# Basilia identification



## limes (Oct 10, 2013)

Can someone identify this Brasilia grinder for me? Sorry for poor photos...


----------



## soundklinik (May 31, 2013)

I think it is Brasilia RR45...Brasilia/Rossi go way back..

Considered (around here) as a great machine....They have 40 or 80 position adjustment...

Burrs cost ~18 pounds

How much?


----------



## limes (Oct 10, 2013)

That's good to know. I was looking at other Brasilia's and it didn't look much like the RR45, so thought it might be something else. It's very old. Nice to know burrs only cost ~£18.

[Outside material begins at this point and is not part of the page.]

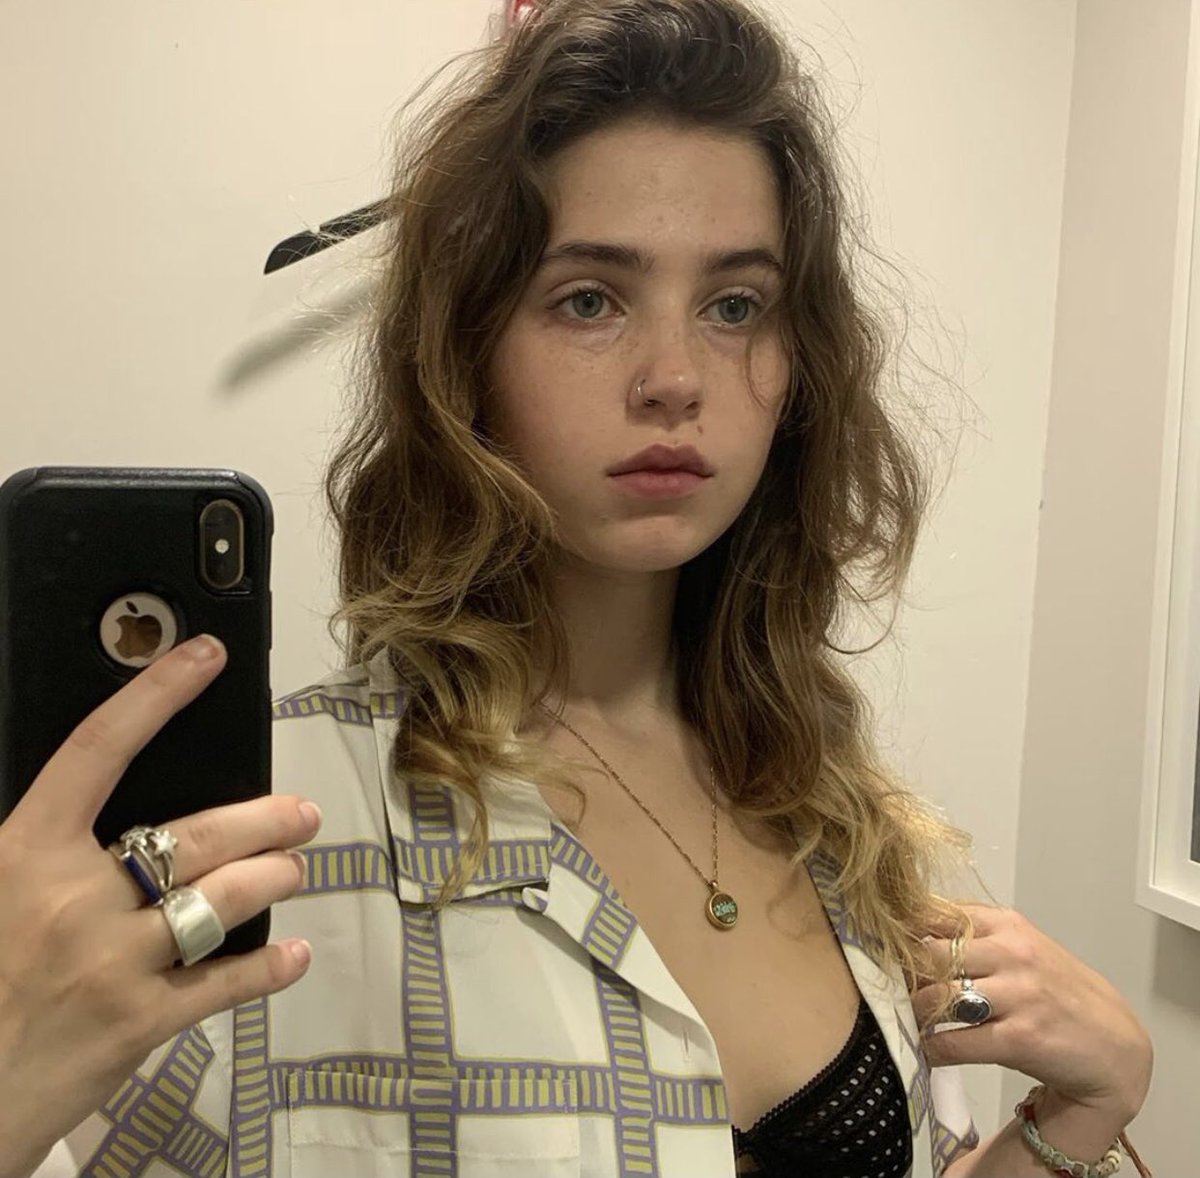 Listen to Clairo cover The Strokes' 'I'll Try Anything Once

Any further confirmation of model would be cool. Its got some exposed wires and missing the cup that goes underneath (what ever that does), so wonder if I can buy spares for this particular unit?


----------



## coffeechap (Apr 5, 2012)

It's definitely an rr45 spares are readily available and it can be modded to fit better in the home.


----------



## limes (Oct 10, 2013)

Thanks soundklinik and coffeechap for this, appreciated. Time to dig out some rr45 mods then I think, as I'm going to be going this route once it's in my hands...

Anyone know of any good source for spares as Brasilia website says they only deal with trade...

Anyone care to point out some mods on the site? I'll get the grinder in a few days and knowing me I'll have a few tests with it then strip it down for a thorough clean and rebuild.

Been told it has a missing cup that the coffee lands in - any ideas what this is?


----------



## Padder (Dec 14, 2012)

coffeechap said:


> It's definitely an rr45 spares are readily available and it can be modded to fit better in the home.


Is there a smaller hopper available for these Dave?


----------



## Neill (Jun 26, 2013)

limes said:


> Thanks soundklinik and coffeechap for this, appreciated. Time to dig out some rr45 mods then I think, as I'm going to be going this route once it's in my hands...
> 
> Anyone know of any good source for spares as Brasilia website says they only deal with trade...
> 
> ...


If that's the one I spotted this morning you got a crackin deal.


----------



## soundklinik (May 31, 2013)

You're welcome, 

I looked on web to see what burrs are compatible. somebody might not have a "rossi rr45" blades, but have Eureka or Rancilio MD50 blades which are the same...

Don't worry about little missing parts, i don't have a hopper, i use a plastic yoghurt cup with bottom partially cut out that it flops down with weight of beans and prevents them from jumping out. And the doser is out too. just a hole

A small improvement you can do is to put a ONE! turn of plumbers' teflon tape on the bronze threads that adjust the burrs. it should go in nice and snug, it keeps the burrs free from play...

Burrs compatible to Rossi RR45:

*SPECS: LEFT TURN /64mm diameter/38mm inner dia./9mm thick/3 holes*

Rancilio MD50

ROSSI

SANTOS

AURORA

BRASILIA

EUREKA

OBEL-DSQ-EB

BTW it is Brasilia/Rossi= same thing when you look for parts


----------